Nitro got his first ride uncrated this morning. Did remarkably well and even went to sleep for the last 10 minutes. Suprising since he generally lives up to (or is that down to) his name. Another night sleeping through. I can get used to that 

He has been a great puppy in the first 5 days and a pleasure to have. Remarkably easy to work with. The bubble will burst at some point but we're enjoying the ride until that moment comes.


----------



## Looney (Sep 28, 2011)

I Can't wait till' he's as big as your little guy!!!


----------



## Aimless1 (Sep 25, 2011)

Dang ... aren't they adorable? 

Any idea which one is your yet? You get him the end of the month?


----------



## Looney (Sep 28, 2011)

Not sure i met with them all and they all loved me so as long as he's a he.....i have faith Carol will match me up with the perfect pup. We hung out for a bit and she got to know us so i think we'll get the right pup.
we fly up the 16th be back in Florida mid day on the 17th.
My dad is flying down a few days later to be my Laszlo's care taker...no strangers in my life are welcome to my possesions or my house so the "normal" dog walker was out of the question.
He'll stay until the little guy can hold it in the crate while we are at work, and that's just till' we can train him to be a free roamer.


----------



## Aimless1 (Sep 25, 2011)

Our breeder tested the pups at 6 weeks and I had to fill out a questionnaire as well. Hard to say at the 6th day in our home but it appears it is a good match.

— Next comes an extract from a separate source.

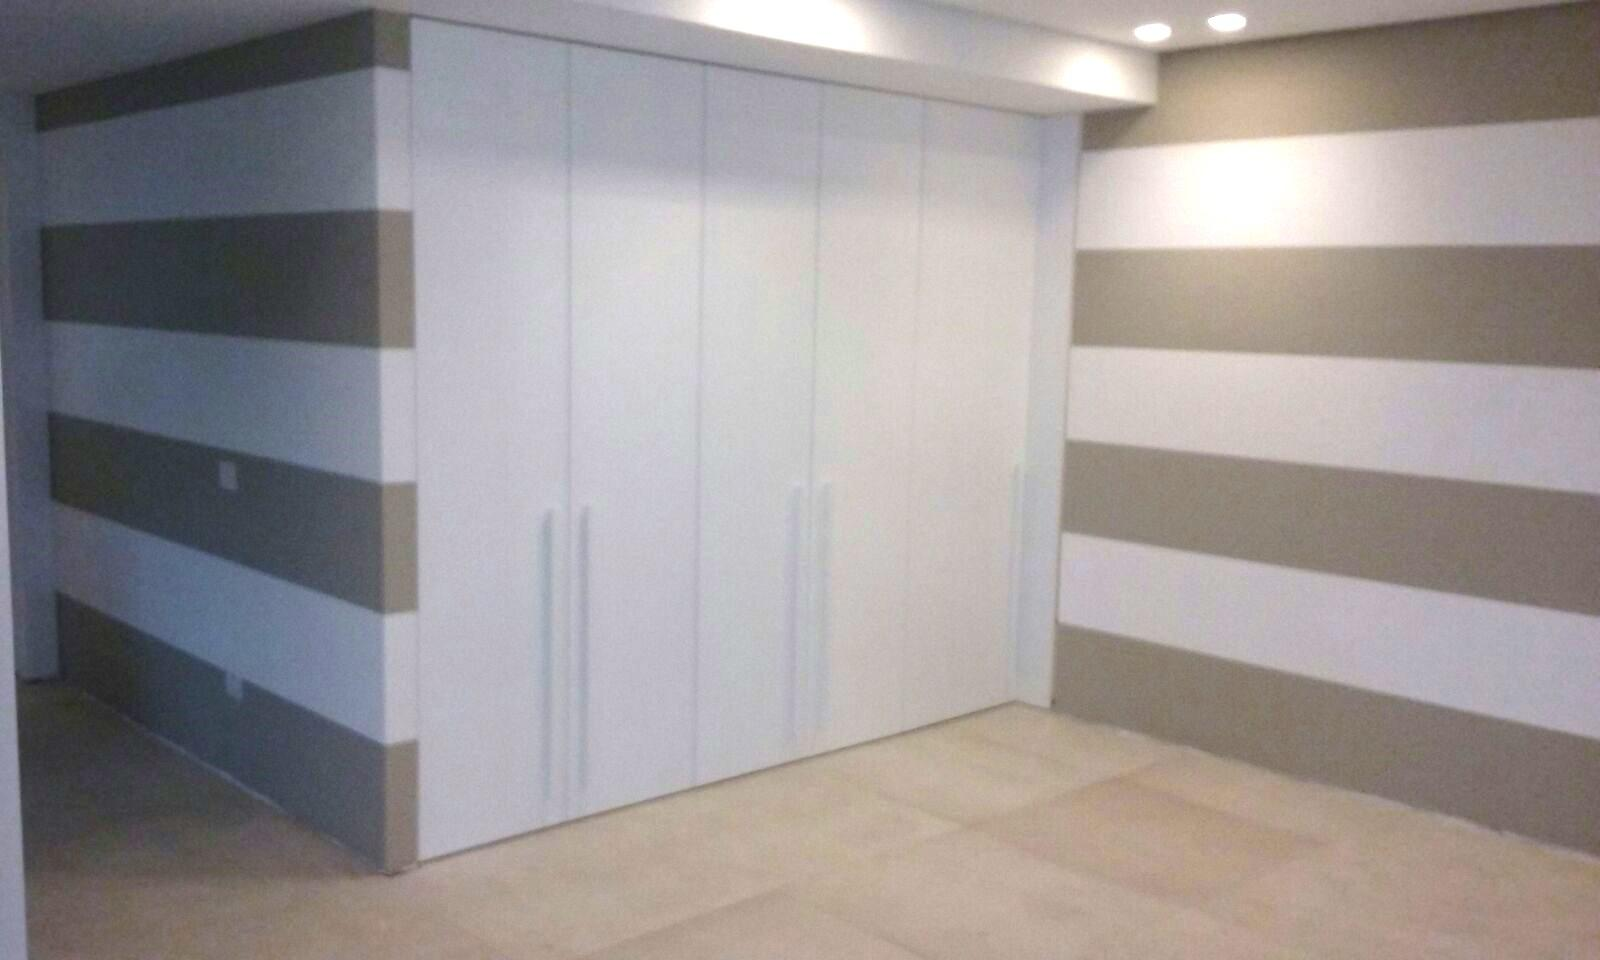 Armadio Filo Muro armadio filo muro - caltagirone (catania)

I've hired the neighbor and my daughter (lives 15 minutes away) to puppy sit while we're at work. Helps with the socialization and he sure is happy to see both. Even happier to come home 

Good luck Looney. I'm sure it will all work out for you.


----------



## Looney (Sep 28, 2011)

thanks. So excited, nervous and scared all at the same time!!!


----------



## kiminboonton (Nov 22, 2011)

You mentioned that the breeders name is Carol, by chance is this Carol Burjan? Thats were we got our Tesla.


----------



## Looney (Sep 28, 2011)

Not sure.....i don't think so she's has "SteelCityVizslas" in Western Pa.


----------



## Aimless1 (Sep 25, 2011)

Nitro is now just over 10 weeks old. No new pics (yeah, I know). We've settled into a routine and he is spoiled ;D Gets to play with three children, a Golden Retriever and a cat with attitude three days a week, and play with three children and three Bichon Friese two days. He certainly does not lack for entertainment and activity. So tired when he gets home he usually eats and then crashes. 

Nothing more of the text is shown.